Selisik.id – Qari berasal dari Kalimantan Timur (Kaltim), Imranul Karin, menyabet juara pertama ajang Musabaqah Tilawatil Quran (MTQ) Internasional 2026 berlangsung di Kota Kazan, Rusia pada 22–25 April 2026.
“Kemenangan ini sangat prestisius mengingat Imranul berhasil mengungguli puluhan peserta dari 30 negara, termasuk negara-negara dengan tradisi tilawah yang kuat seperti Mesir, Iran, Turki, dan Malaysia,” ujar Sekretaris Daerah Provinsi Kaltim sekaligus Ketua Umum LPTQ Kaltim Sri Wahyuni di Samarinda diberitakan Antara, Minggu.
Ia mengatakan dari total 30 negara partisipan, persaingan mengerucut pada babak final yang menyisakan delegasi berasal dari lima negara.

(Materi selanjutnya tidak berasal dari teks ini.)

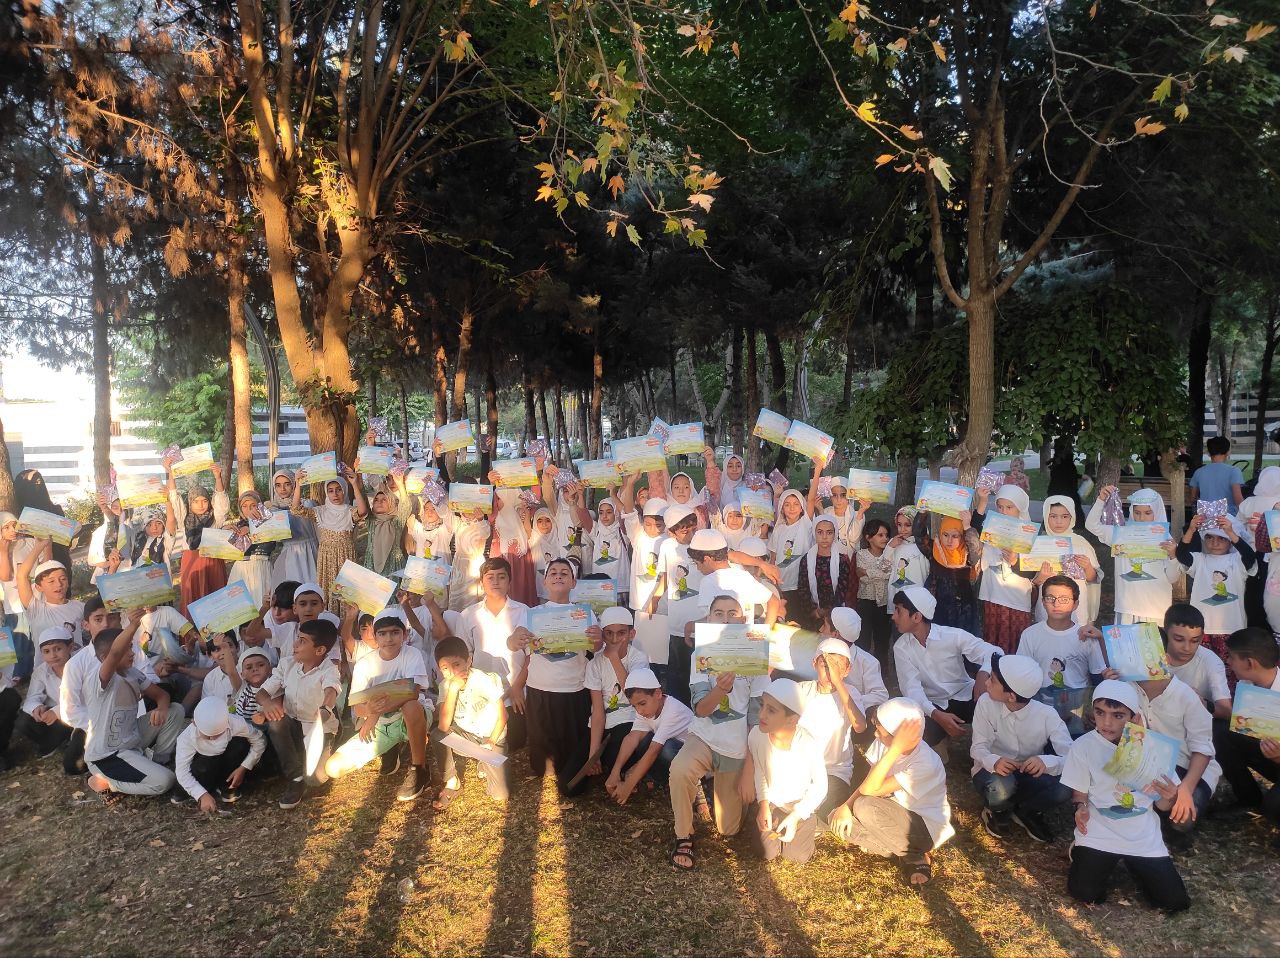 Kur'an Nesli Platformu tarafından Bismil'de gerçekleştirilen "Hayat Namazla Güzeldir" etkinliği kapsamında Millet Bahçesinde onlarca çocuk cemaatle namaz kıldı.

Imranul Karim yang mewakili Indonesia, katanya, tampil memukau di Cabang Tilawah (Seni Baca Al Quran) dengan perolehan skor nyaris sempurna, mengalahkan pesaing ketat berasal dari Iran dan negara lainnya.

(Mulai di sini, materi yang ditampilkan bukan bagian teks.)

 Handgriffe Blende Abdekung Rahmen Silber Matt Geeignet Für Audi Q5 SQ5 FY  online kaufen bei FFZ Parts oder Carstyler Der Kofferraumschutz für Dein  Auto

“Kemenangan Imranul Karim di Rusia adalah kebanggaan bagi Indonesia, khususnya masyarakat Kalimantan Timur,” katanya.
Ia menyebut prestasi ini bukan kebetulan karena Imranul Karim memang dikenal sebagai qari langganan juara. Sebelumnya, pada awal 2025, ia sukses meraih gelar juara di ajang internasional digelar di Jakarta.
Selain Imranul, delegasi Indonesia lainnya berasal Kaltim, Jumarlin, juga memperkuat posisi Indonesia di ajang tersebut setelah sebelumnya sempat meraih juara 2 pada kompetisi di Kroasia.
Imranul Karim mengungkapkan syukur mendalam atas dukungan pemerintah daerah.
“Alhamdulillah, saya mendapatkan rahmat yang luar biasa. Terima kasih kepada Bapak Gubernur Rudy Mas’ud, Bapak Wakil Gubernur Seno Aji, ibu sekda, LPTQ, dan seluruh masyarakat yang telah mendoakan. Gelar ini saya persembahkan untuk Kaltim dan Indonesia,” ucapnya.
Pemerintah Provinsi Kaltim melalui LPTQ menegaskan komitmennya untuk terus meningkatkan intensitas pembinaan qari dan qariah.
Keberhasilan Imranul dan Jumarlin menjadi bukti nyata bahwa pola pelatihan berkelanjutan di Benua Etam mampu melahirkan sumber daya manusia yang kompetitif di tingkat global.
Dengan hasil ini, Indonesia kembali mempertegas posisinya sebagai salah satu pusat pengembangan seni baca Al-Qur’an terbaik di dunia.